Tester des idées, des projets et des solutions et les mettre en application afin de les valider.

  1. Partager

Échanger des expériences, des bonnes pratiques, des apprentissages, documenter pour favoriser le transfert des connaissances et développer des outils communs.

  1. Se former

Apprendre les uns des autres, acquérir de nouvelles compétences et connaissances, mobiliser les savoirs acquis dans une perspective d’apprentissage.

Remix du modèle classique (auteur inconnu)

Nécessaire accompagnement

Dans de nombreuses communautés, des animateurs (aussi appelé acteurs transversaux) sont dédiés à entretenir le lien et les activités entre les participants. La présence de ces « acteurs sociaux » participe à la gestion des connaissances et au développement des capacités d’apprentissage, tel que cela a été documenté par la recherche

Le rôle de l’animateur pourrait se résumer ainsi : 

  • Accompagner les participants dans leur parcours (chacun à son rythme),
  • Encourager leur changement de posture (apprendre à apprendre),
  • Stimuler les réflexions individuelles et collectives (faire ensemble),
  • Créer les occasions de partage (provoquer les échanges).
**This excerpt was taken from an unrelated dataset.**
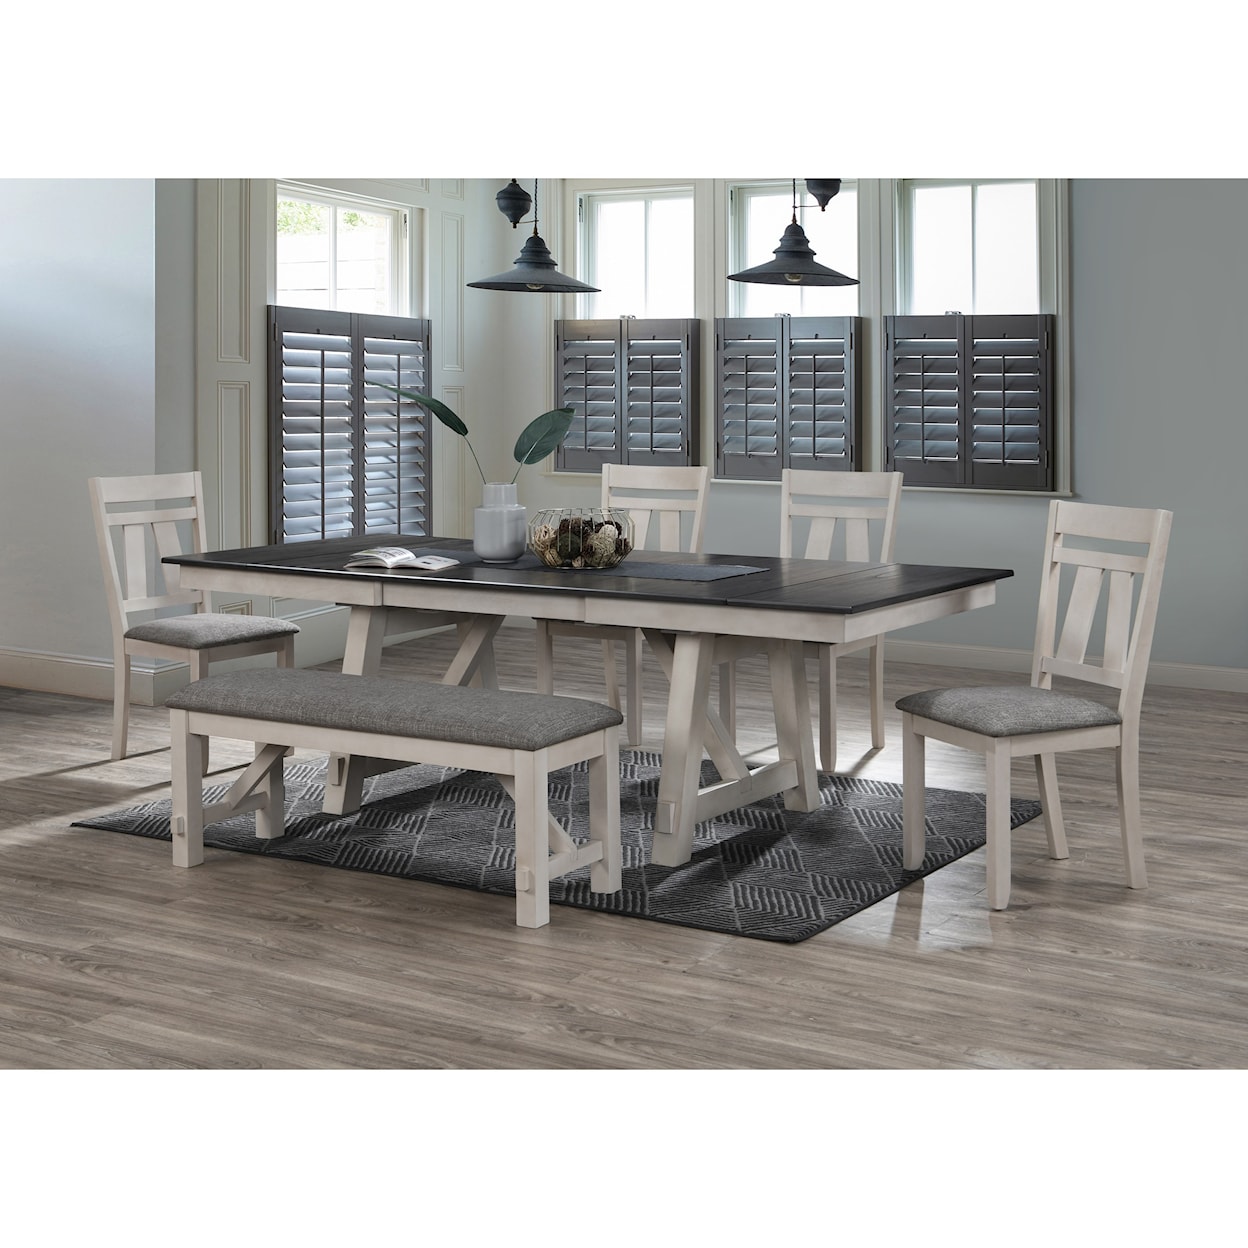 CM Maribelle 6-Piece Table and Chair Set with Bench

C’est ce rôle que j’ai moi-même joué pour le Réseau ADN de 2018 à 2022. Actuellement, je poursuis ce rôle avec la mise en place de nouvelles communautés comme celle de Plus numérique initiée par COlab, le centre d’innovation sociale et culturelle numérique et celle de dédié également à la transformation numérique des organismes œuvrant auprès des personnes proches aidantes initiée par L’Appui.

Parfois, j’accompagne plutôt qu’anime. Cela a été le cas pour FADIO, le Laboratoire d’enseignement des arts La ruchée et La bande numérique de la Fédération culturelle canadienne-française (FCCF).

Dans tous ces cas, les secteurs d’activités sont différents (culture, économie, santé, entrepreneuriat) et les participants le sont tout autant. Néanmoins, les défis de la transformation numérique se ressemblent étrangement. Déjà, la force de ces communautés est ce désir d’apprendre ensemble et de comprendre que les défis associés au numérique sont trop grands pour y faire fasse tout seul.

Finalement, je m’en voudrais de ne pas terminer ce billet en citant deux témoignages recueillis au sein de la communauté de pratique des agents de développement culturel numérique. Ceux-ci résument assez bien le potentiel derrière chaque communauté apprenante.

« […] les communautés de pratique constituent des laboratoires intéressants pour expérimenter notre rapport à la culture numérique, car ils sont chacun à leur façon un creuset où s’élabore le “milieu de culture” d’où émerge la société que nous nommons «notre monde». »

– Fabrice Marcoux, ADN Fédération des télévisions communautaires autonomes du Québec

« Mon équipe pense que je suis une magicienne, mais en fait, je tire des ressources de la CP du Réseau ADN »

– Maryse Dupuis, ADN du Regroupement des artistes en arts visuels

Les publications sur mon blogue sont réalisées grâce à la complicité de ma collaboratrice et amie Martine Rioux (Scriba) qui m’appuie avec sa grande expertise de communicatrice et rédactrice de contenu.


(1) CoP : Dans le milieu éducatif, l’abréviation CP réfère aux conseillers pédagogiques. Nous utilisons donc l’abréviation CoP pour communauté de pratique afin d’éviter toute confusion. Dans ce cas, le o doit être minuscule, car il ne marque pas le début d’un mot. Il sert à identifier le mot communauté.